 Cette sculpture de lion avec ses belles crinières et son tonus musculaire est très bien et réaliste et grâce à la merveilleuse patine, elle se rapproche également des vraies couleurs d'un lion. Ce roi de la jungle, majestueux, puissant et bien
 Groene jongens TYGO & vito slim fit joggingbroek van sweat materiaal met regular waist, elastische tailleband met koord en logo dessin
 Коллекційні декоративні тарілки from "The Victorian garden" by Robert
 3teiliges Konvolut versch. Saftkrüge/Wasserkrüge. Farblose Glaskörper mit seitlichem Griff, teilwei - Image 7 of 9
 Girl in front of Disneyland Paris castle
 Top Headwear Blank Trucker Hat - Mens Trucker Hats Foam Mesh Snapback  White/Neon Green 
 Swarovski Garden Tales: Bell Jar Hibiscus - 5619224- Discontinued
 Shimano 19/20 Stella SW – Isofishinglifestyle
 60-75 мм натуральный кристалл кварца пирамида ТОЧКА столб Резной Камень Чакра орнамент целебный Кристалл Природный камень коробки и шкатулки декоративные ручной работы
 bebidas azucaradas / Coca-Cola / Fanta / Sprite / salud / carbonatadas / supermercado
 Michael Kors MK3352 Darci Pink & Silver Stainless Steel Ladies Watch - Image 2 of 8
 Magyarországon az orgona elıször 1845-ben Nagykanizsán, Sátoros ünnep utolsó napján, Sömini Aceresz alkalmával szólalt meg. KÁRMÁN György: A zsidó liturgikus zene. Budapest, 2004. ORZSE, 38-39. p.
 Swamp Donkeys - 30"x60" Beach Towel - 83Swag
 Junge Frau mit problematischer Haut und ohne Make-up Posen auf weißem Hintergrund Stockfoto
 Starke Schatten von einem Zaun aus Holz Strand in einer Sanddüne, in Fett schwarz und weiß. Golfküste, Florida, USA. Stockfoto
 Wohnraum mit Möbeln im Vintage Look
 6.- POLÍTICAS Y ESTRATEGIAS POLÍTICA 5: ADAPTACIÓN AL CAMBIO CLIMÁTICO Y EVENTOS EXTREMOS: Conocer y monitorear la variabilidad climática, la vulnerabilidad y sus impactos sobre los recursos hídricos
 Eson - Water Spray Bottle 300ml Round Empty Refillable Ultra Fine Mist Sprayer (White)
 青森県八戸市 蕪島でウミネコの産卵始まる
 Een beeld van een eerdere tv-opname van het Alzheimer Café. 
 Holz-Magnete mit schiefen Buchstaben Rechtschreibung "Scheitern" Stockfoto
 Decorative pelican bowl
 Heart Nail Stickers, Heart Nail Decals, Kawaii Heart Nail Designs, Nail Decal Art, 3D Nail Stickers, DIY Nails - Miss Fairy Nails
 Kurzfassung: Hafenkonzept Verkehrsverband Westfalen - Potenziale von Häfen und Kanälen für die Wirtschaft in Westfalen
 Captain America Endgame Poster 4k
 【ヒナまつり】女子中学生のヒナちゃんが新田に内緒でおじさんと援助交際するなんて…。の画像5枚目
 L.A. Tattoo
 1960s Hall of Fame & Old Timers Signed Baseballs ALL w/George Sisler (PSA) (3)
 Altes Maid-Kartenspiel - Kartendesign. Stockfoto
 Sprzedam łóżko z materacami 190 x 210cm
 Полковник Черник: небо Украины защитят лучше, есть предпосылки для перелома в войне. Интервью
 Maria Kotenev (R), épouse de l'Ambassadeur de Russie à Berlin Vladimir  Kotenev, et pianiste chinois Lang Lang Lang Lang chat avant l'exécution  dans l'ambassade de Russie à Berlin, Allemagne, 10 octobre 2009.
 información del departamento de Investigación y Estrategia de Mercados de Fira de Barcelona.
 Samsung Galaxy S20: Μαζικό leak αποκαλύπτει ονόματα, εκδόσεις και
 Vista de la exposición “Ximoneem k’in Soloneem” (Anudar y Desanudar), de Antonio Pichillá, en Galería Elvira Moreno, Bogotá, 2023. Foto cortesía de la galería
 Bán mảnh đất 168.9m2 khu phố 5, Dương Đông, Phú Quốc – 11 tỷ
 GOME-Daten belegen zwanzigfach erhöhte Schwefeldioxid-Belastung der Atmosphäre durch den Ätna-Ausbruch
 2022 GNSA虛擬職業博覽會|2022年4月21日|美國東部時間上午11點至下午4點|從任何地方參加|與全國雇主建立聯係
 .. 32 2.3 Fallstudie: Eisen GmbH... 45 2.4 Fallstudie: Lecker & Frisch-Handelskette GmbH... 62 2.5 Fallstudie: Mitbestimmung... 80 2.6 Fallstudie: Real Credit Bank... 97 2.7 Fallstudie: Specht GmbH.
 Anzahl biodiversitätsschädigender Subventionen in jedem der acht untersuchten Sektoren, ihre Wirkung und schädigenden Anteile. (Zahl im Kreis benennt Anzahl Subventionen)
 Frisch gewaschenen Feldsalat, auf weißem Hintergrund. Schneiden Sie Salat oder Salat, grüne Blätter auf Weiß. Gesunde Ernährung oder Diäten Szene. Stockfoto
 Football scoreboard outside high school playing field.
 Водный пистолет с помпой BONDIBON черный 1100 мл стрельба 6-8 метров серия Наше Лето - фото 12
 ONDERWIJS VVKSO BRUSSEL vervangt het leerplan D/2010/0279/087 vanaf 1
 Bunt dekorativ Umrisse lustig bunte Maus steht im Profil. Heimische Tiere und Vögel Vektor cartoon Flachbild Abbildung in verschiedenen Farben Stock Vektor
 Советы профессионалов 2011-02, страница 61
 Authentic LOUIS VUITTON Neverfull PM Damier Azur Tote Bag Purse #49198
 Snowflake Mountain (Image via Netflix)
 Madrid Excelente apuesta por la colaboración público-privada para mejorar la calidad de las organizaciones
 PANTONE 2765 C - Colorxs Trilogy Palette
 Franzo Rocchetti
------------------------------------------------------------
GOAL OF THE EXERCISE
From the line containing "Michael Kors MK3352" down to the line containing "青森県八戸市 蕪島でウミネコの産卵始まる" in the material above, reproduce every line exactly, including the two end lines.

TASK OUTPUT
 Michael Kors MK3352 Darci Pink & Silver Stainless Steel Ladies Watch - Image 2 of 8
 Magyarországon az orgona elıször 1845-ben Nagykanizsán, Sátoros ünnep utolsó napján, Sömini Aceresz alkalmával szólalt meg. KÁRMÁN György: A zsidó liturgikus zene. Budapest, 2004. ORZSE, 38-39. p.
 Swamp Donkeys - 30"x60" Beach Towel - 83Swag
 Junge Frau mit problematischer Haut und ohne Make-up Posen auf weißem Hintergrund Stockfoto
 Starke Schatten von einem Zaun aus Holz Strand in einer Sanddüne, in Fett schwarz und weiß. Golfküste, Florida, USA. Stockfoto
 Wohnraum mit Möbeln im Vintage Look
 6.- POLÍTICAS Y ESTRATEGIAS POLÍTICA 5: ADAPTACIÓN AL CAMBIO CLIMÁTICO Y EVENTOS EXTREMOS: Conocer y monitorear la variabilidad climática, la vulnerabilidad y sus impactos sobre los recursos hídricos
 Eson - Water Spray Bottle 300ml Round Empty Refillable Ultra Fine Mist Sprayer (White)
 青森県八戸市 蕪島でウミネコの産卵始まる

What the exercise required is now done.